The figure shows the training loss curves for LowRank matrices with and without self-guided training, compared to a dense model. It highlights the issues of loss spikes and slow convergence that occur when using structured matrices without self-guided training, which is then addressed through the proposed training technique.

This figure shows the scaling curves for BlockDense and BlockShuffle with 32% and 63% of the original FFN parameters compared to a dense model trained at its optimal trade-off. The curves illustrate that structured matrices exhibit steeper scaling behavior, achieving lower validation loss with fewer parameters at higher training FLOPs.

This figure displays the zero-shot performance of various model architectures (Dense, Wide and Structured) on four downstream tasks (ARC-challenge, ARC-easy, HellaSwag, PIQA) when trained in the overtraining regime with 300 billion tokens. The Wide and Structured models utilize LowRank parameterization in the feed-forward network (FFN) and reduced attention heads, demonstrating comparable or superior performance to the dense models, particularly at larger sizes. This illustrates the efficiency gains of the structured matrices in the overtraining regime.

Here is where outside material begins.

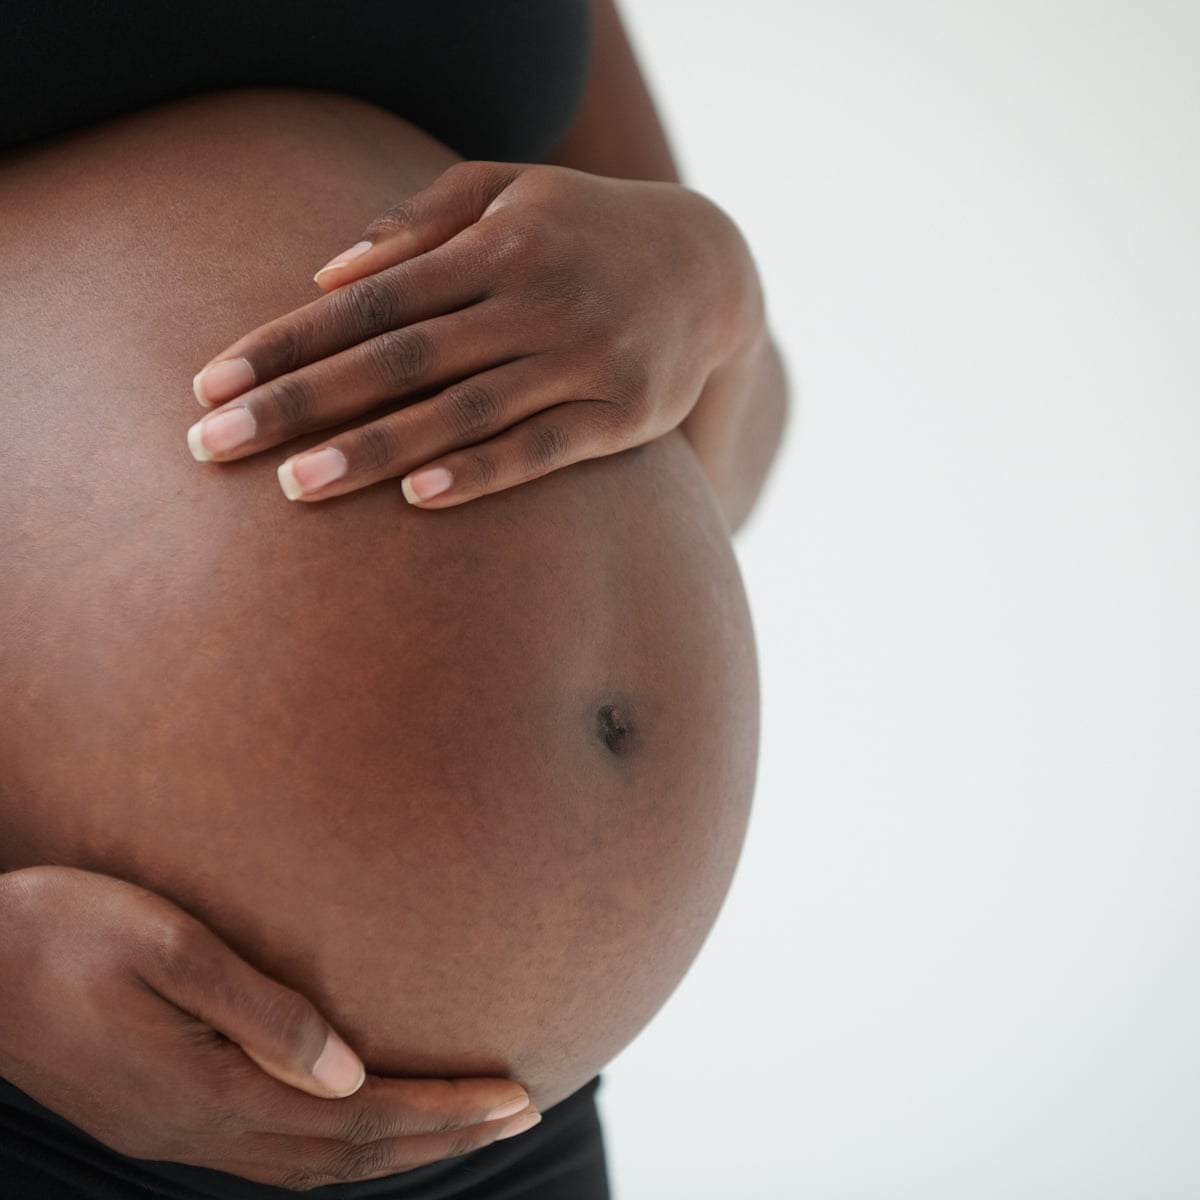 9 and a Half Things You Should Never Say to a Pregnant Woman - Time

This figure compares the latency of different FFN (feed-forward network) architectures with varying widths. It shows the latency performance of dense FFNs against three different structured FFNs (LowRank, BlockDense, and BlockShuffle) each with 63% and 32% of the parameters of the dense FFN. The results are based on processing 30,000 tokens and the intermediate FFN size is four times the FFN width. The figure demonstrates how the structured FFNs achieve latency improvements compared to the dense FFN across different FFN widths.

This figure shows the decoding latency of dense FFNs and structured FFNs with 32% of the parameters, across various widths and batch sizes. The sequence length is 1, so the batch size equals T (number of tokens). It illustrates how the latency changes as batch size increases for different FFN widths, highlighting the performance improvement achieved by using structured FFNs, particularly with larger widths and batch sizes. It demonstrates how the pre-merge technique helps maintain efficiency even with small batches.

This figure compares the performance of dense and structured feedforward neural networks (FFNs) in large language models (LLMs). The FFNs utilize 32% of the parameters found in the dense models. Two training strategies are compared for the structured FFNs: using more training tokens or employing a self-guided training method. The goal is to achieve comparable training FLOPS (floating point operations per second) across the models. The size of the circles in the plot corresponds to the FLOPs of each model.

This figure shows the training FLOPs (floating point operations) versus validation loss for different models. The steeper curves for LowRank models (with 63% and 32% of the feedforward network parameters) compared to the dense model indicate that LowRank models achieve lower validation loss with fewer training FLOPs, showcasing their improved efficiency. Section 4.2 of the paper provides more detailed results and analysis.

This figure compares the scaling curves of dense and structured feedforward networks (FFNs) in transformer models. The results show that structured FFNs (LowRank and BlockDense with 32% and 63% of the original parameters) exhibit steeper curves and achieve comparable or even lower loss with significantly fewer parameters at the optimal tradeoff than dense FFNs when training FLOPs are controlled. This suggests that structured FFNs scale more efficiently with model size.

This figure compares the scaling curves of training FLOPs for dense and structured FFNs (LowRank and BlockShuffle) with 63% or 32% of the original parameters. The plots show that structured matrices exhibit steeper curves, requiring fewer parameters to achieve a similar validation loss as compared to dense models at the same training FLOP. This indicates greater efficiency in FLOP utilization for the structured models.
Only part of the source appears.